··· COLLECTED MATERIAL ···
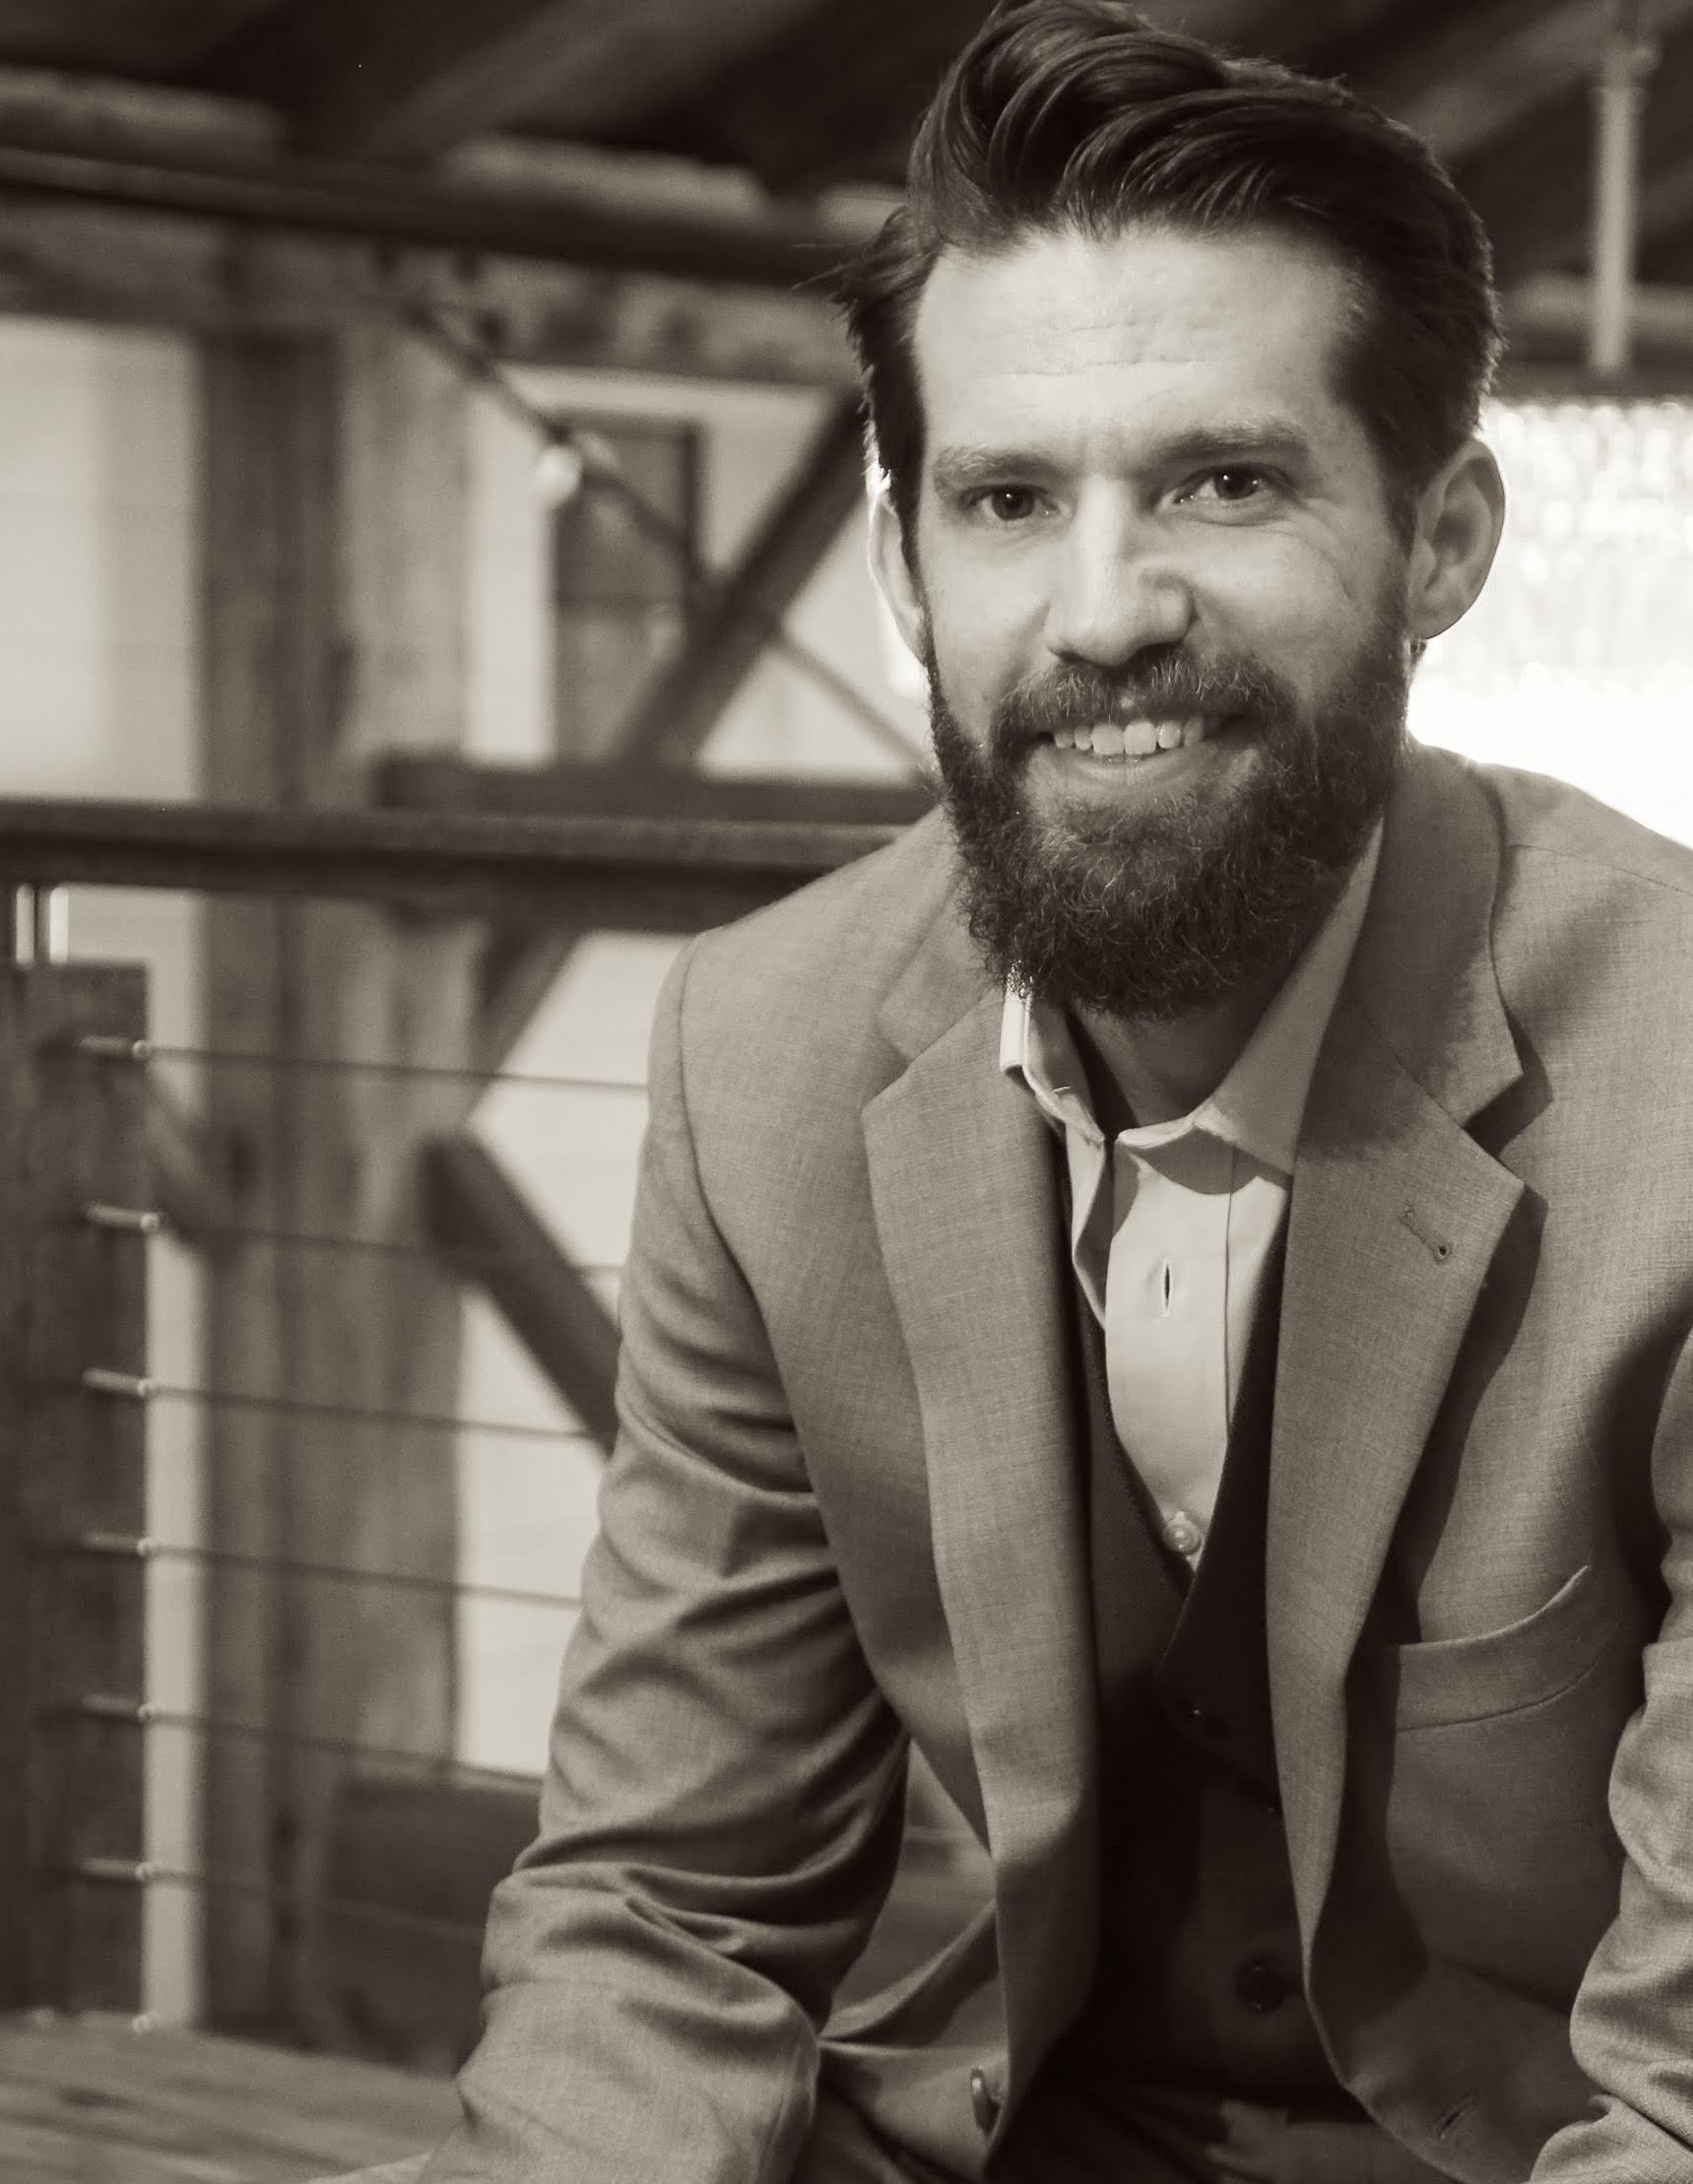 Brandon Wozniewicz
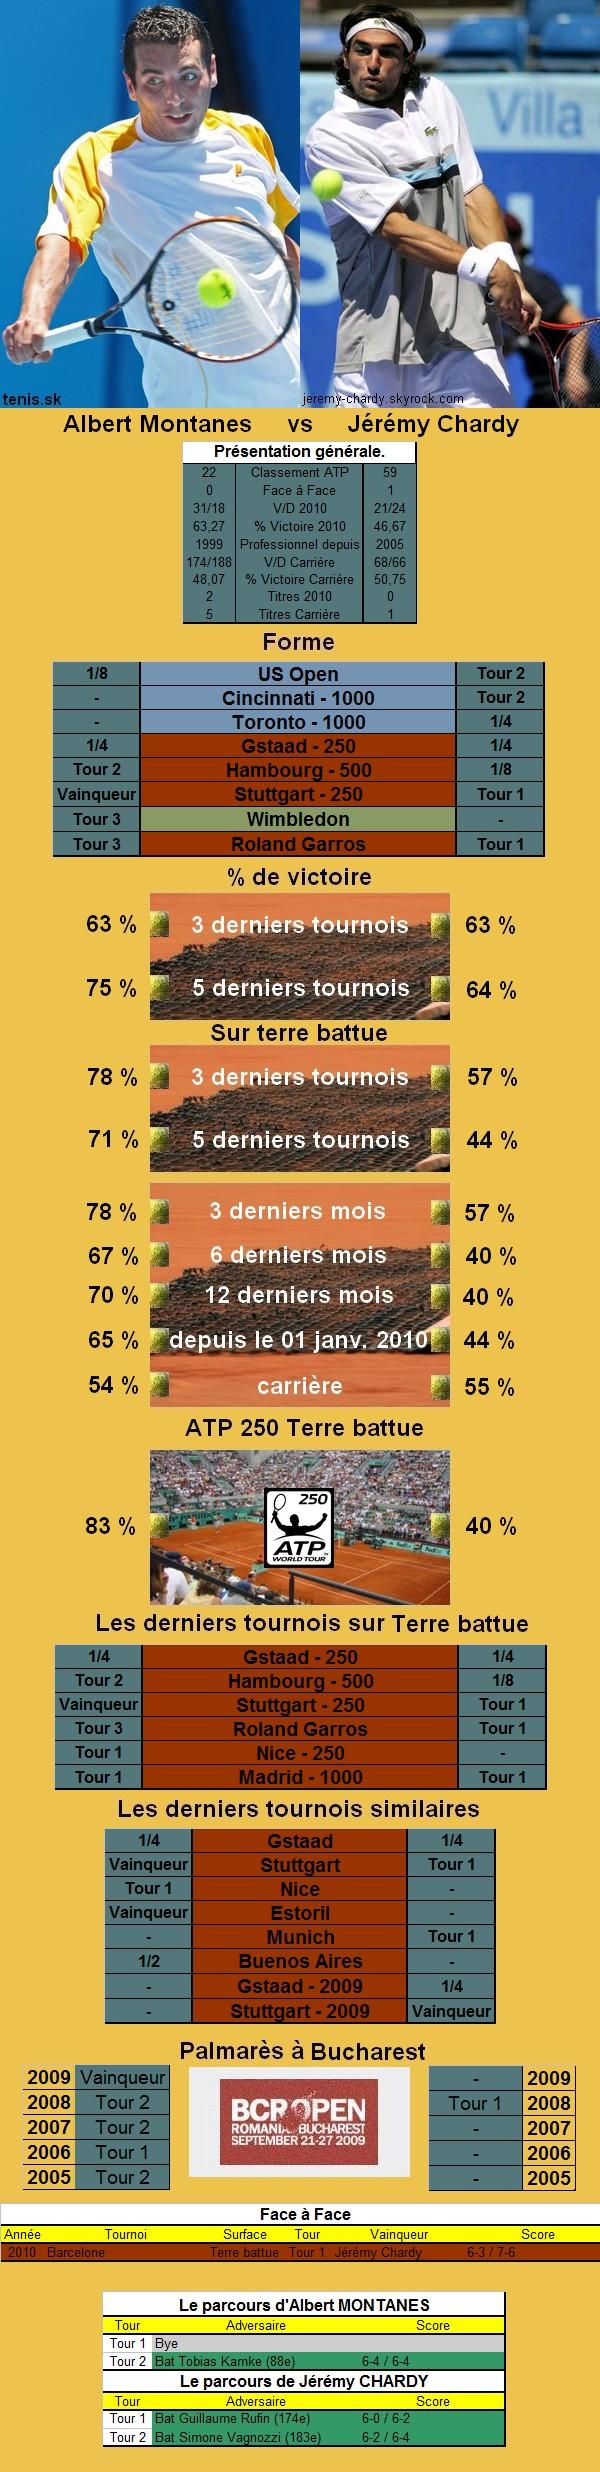 Statistiques tennis de Montanes contre Chardy à Bucarest
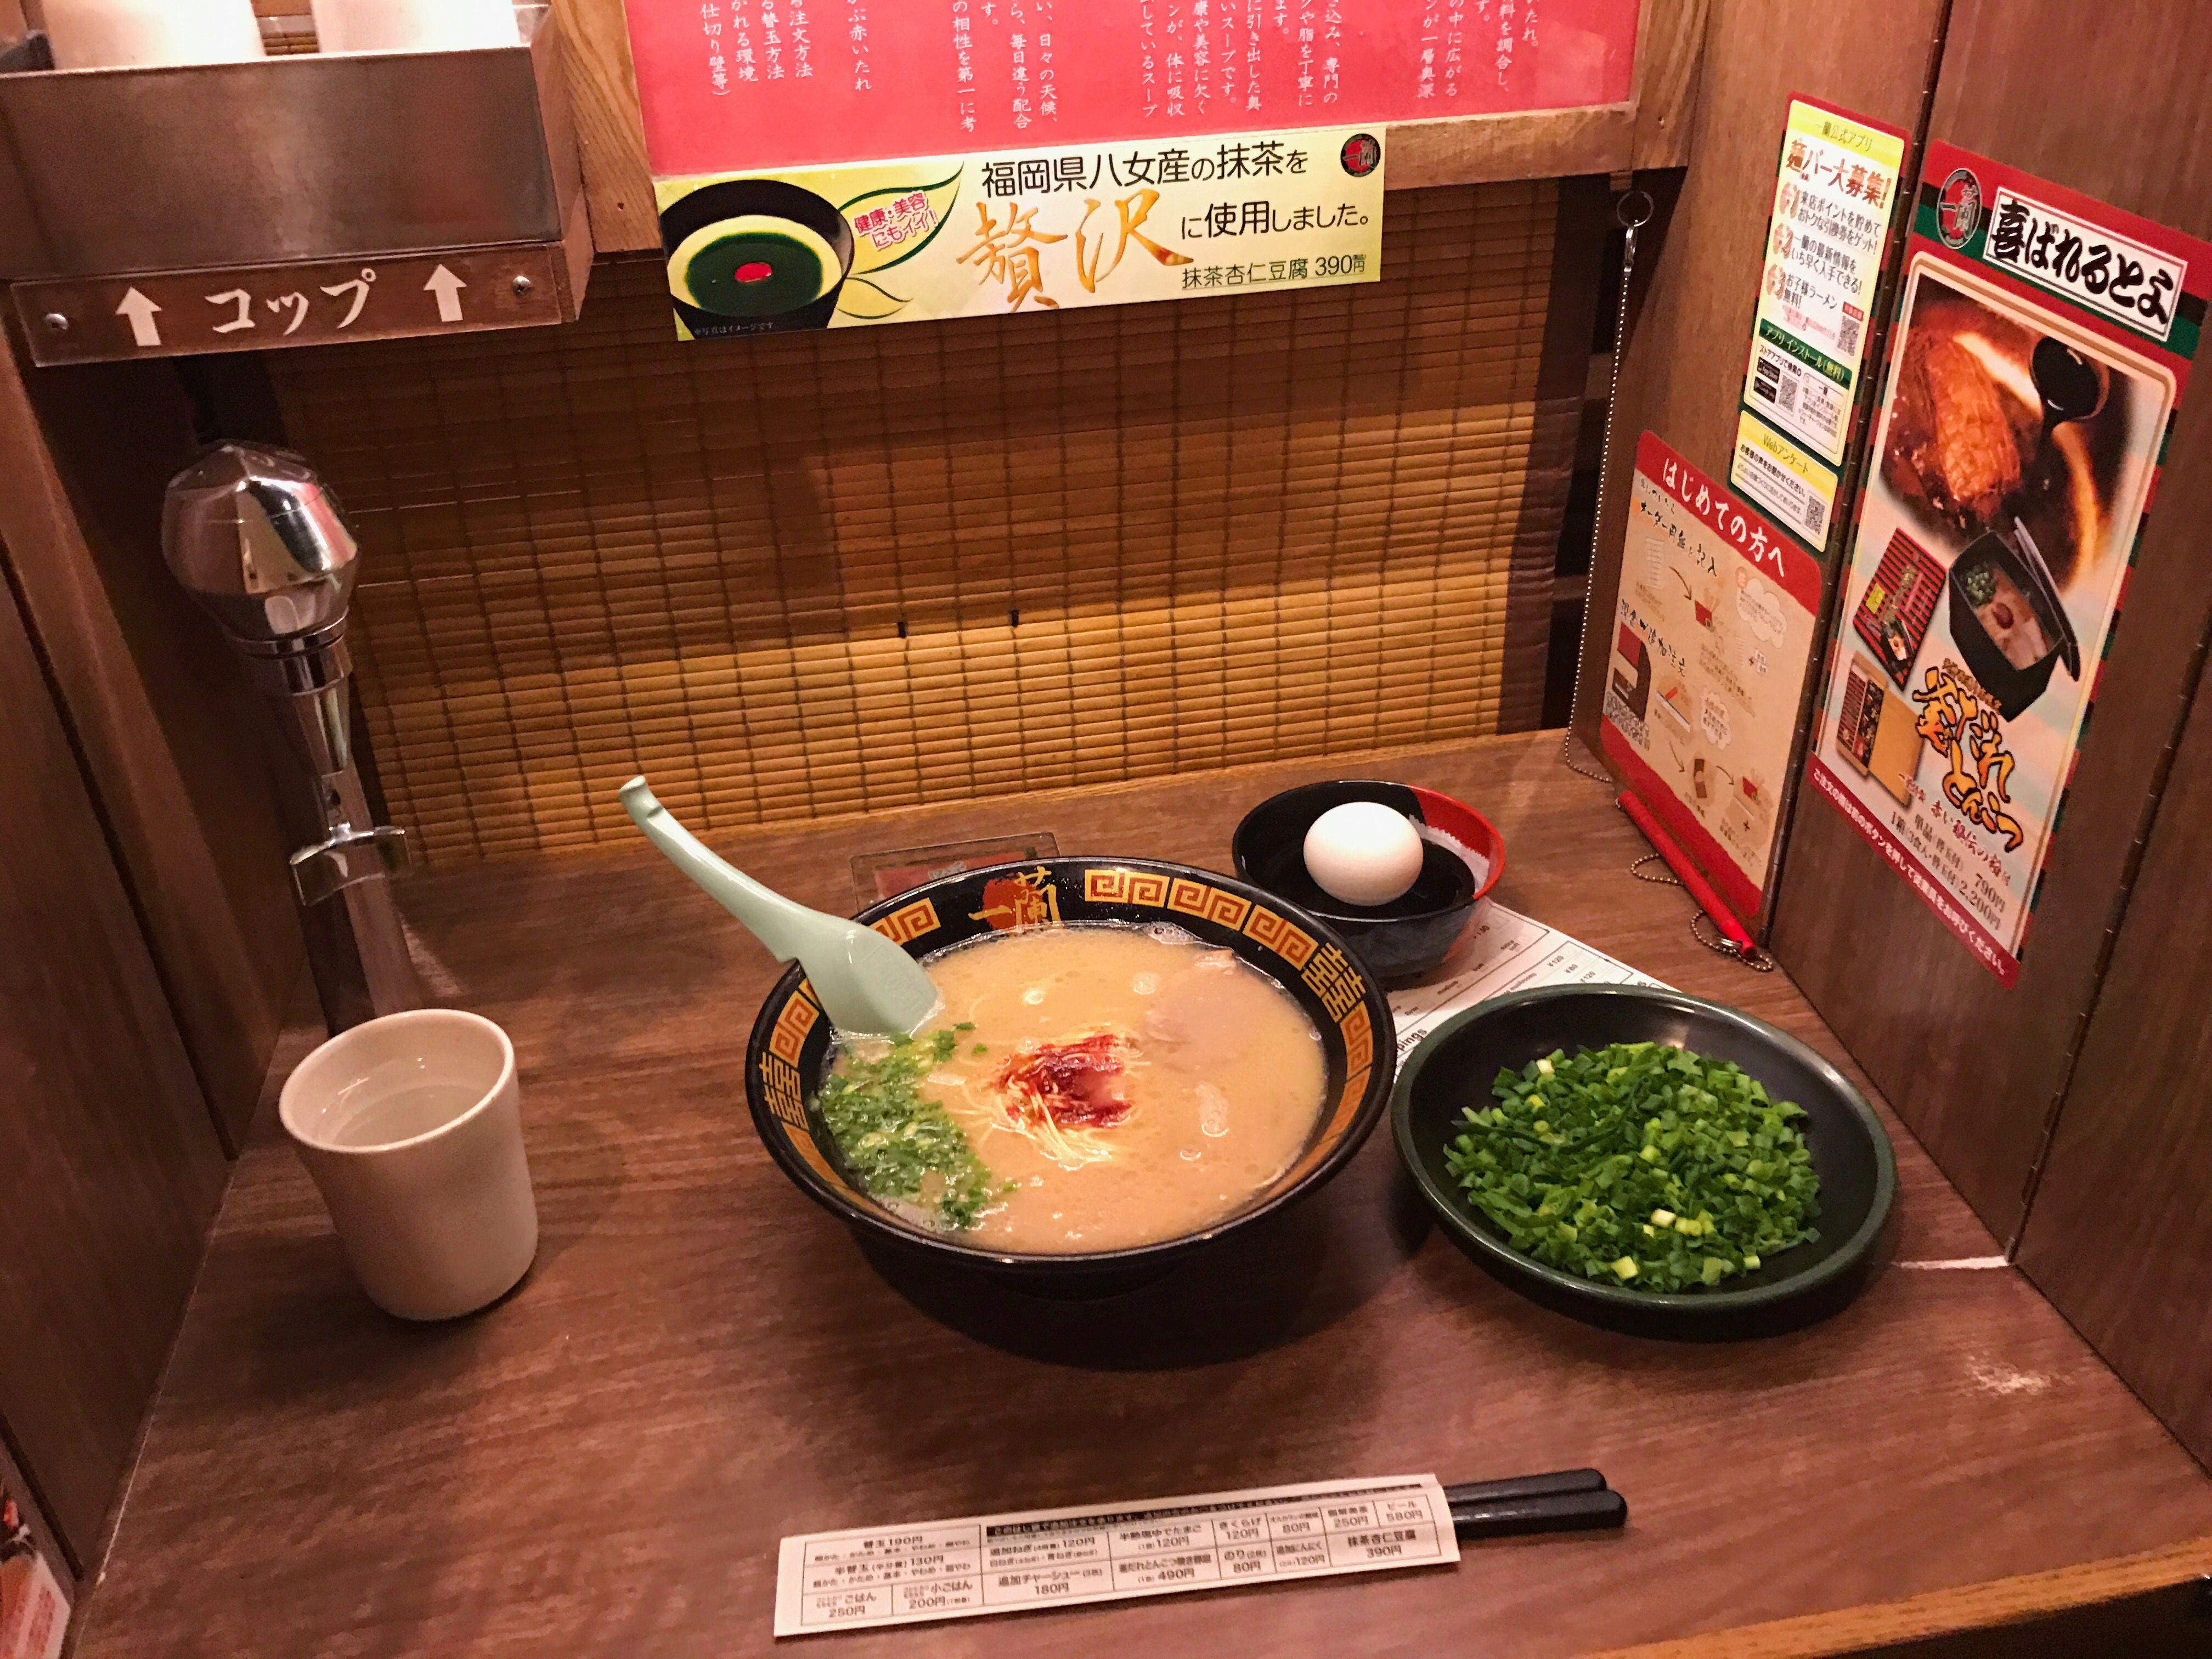 Ichiran Ramen flavor booth with ramen noodle dish
···
**WORK TO COMPLETE**
The required output is each line above restated verbatim, with all images omitted.

**EXERCISE RESPONSE**
 Brandon Wozniewicz
 Statistiques tennis de Montanes contre Chardy à Bucarest
 Ichiran Ramen flavor booth with ramen noodle dish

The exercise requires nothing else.